Spontaneous unitary synaptic activity in CA1 pyramidal neurons during early postnatal development: Constant contribution of AMPA and NMDA receptors

University of Gothenburg, Goeteborg, Västra Götaland, Sweden
The Journal of Neuroscience : The Official Journal of the Society for Neuroscience (Impact Factor: 6.34). 08/2002; 22(13):5552-62.
Source: PubMed


Maturation of the glutamatergic synapse is thought to require the incorporation of AMPA receptors at pure NMDA synapses, also called "silent" synapses.

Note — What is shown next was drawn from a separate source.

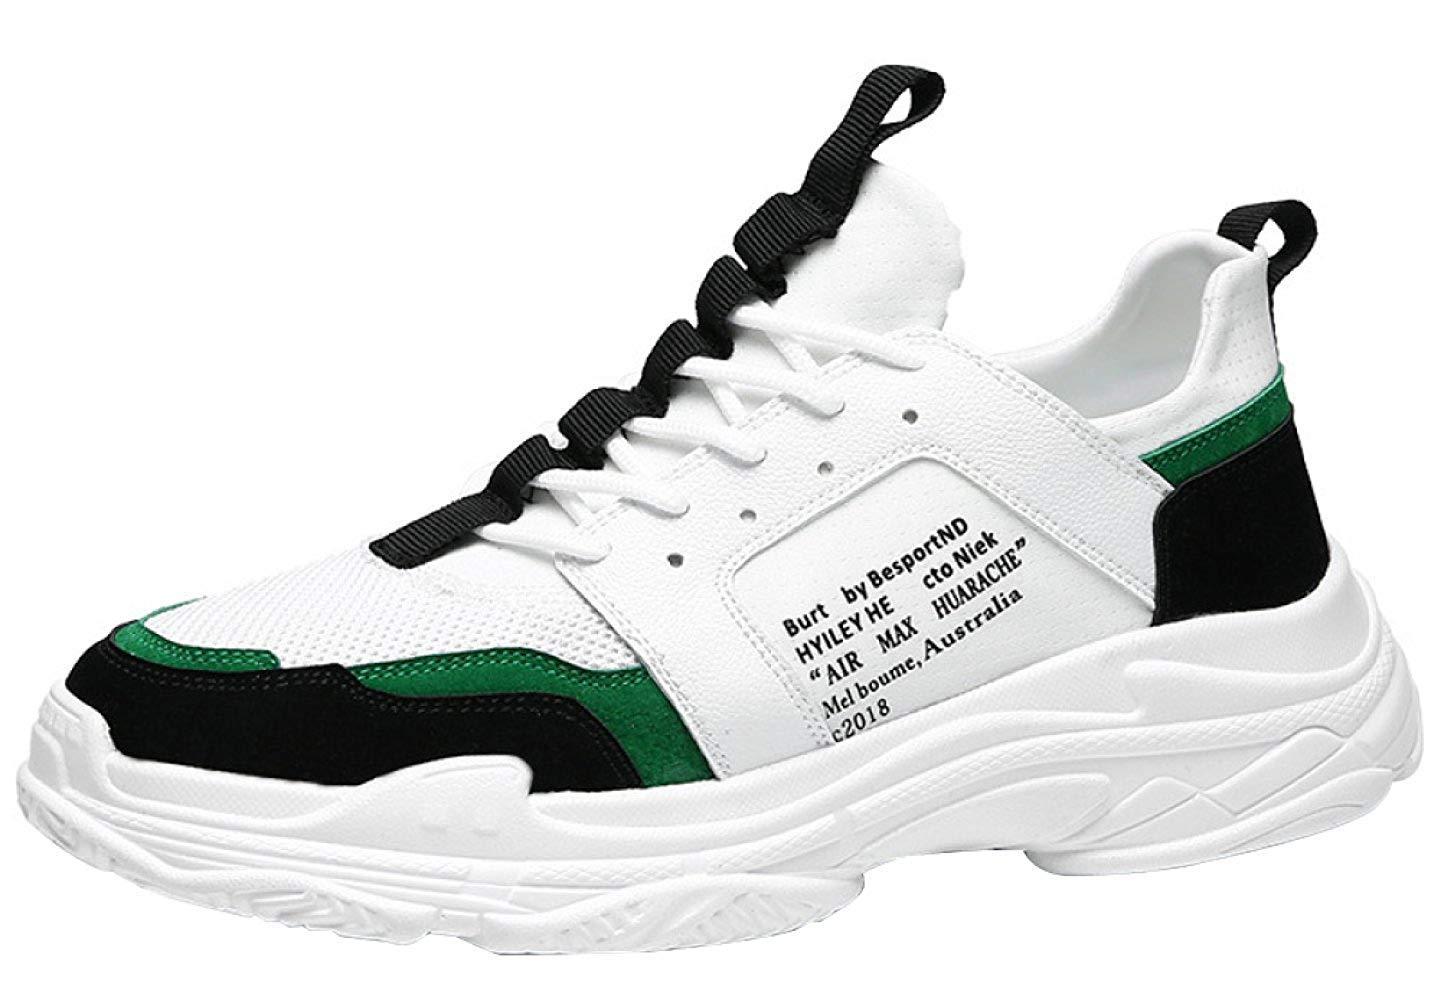 FuweiEncore Herrenmode Sportschuhe Retro-Casual Schuhe Atmungsaktives Mesh (Farbe   Grün, Größe   43EU)

However, the relative number of silent synapses at different developmental stages, and even the concept that silent synapses lack AMPA receptors, is actively debated. In the present work, spontaneous synaptic events were used to investigate the relative contribution of synaptic AMPA and NMDA receptor-mediated transmission in CA1 pyramidal cells during the early postnatal development. Spontaneous postsynaptic currents, mediated by AMPA and NMDA receptors, were recorded from visualized CA1 pyramidal neurons over the first postnatal week. AMPA/NMDA ratio for frequency was close to one, and, importantly, it was constant over the first postnatal week. These findings suggest that the vast majority of nascent glutamatergic synapses express both functional AMPA and NMDA receptors in the neonatal hippocampus.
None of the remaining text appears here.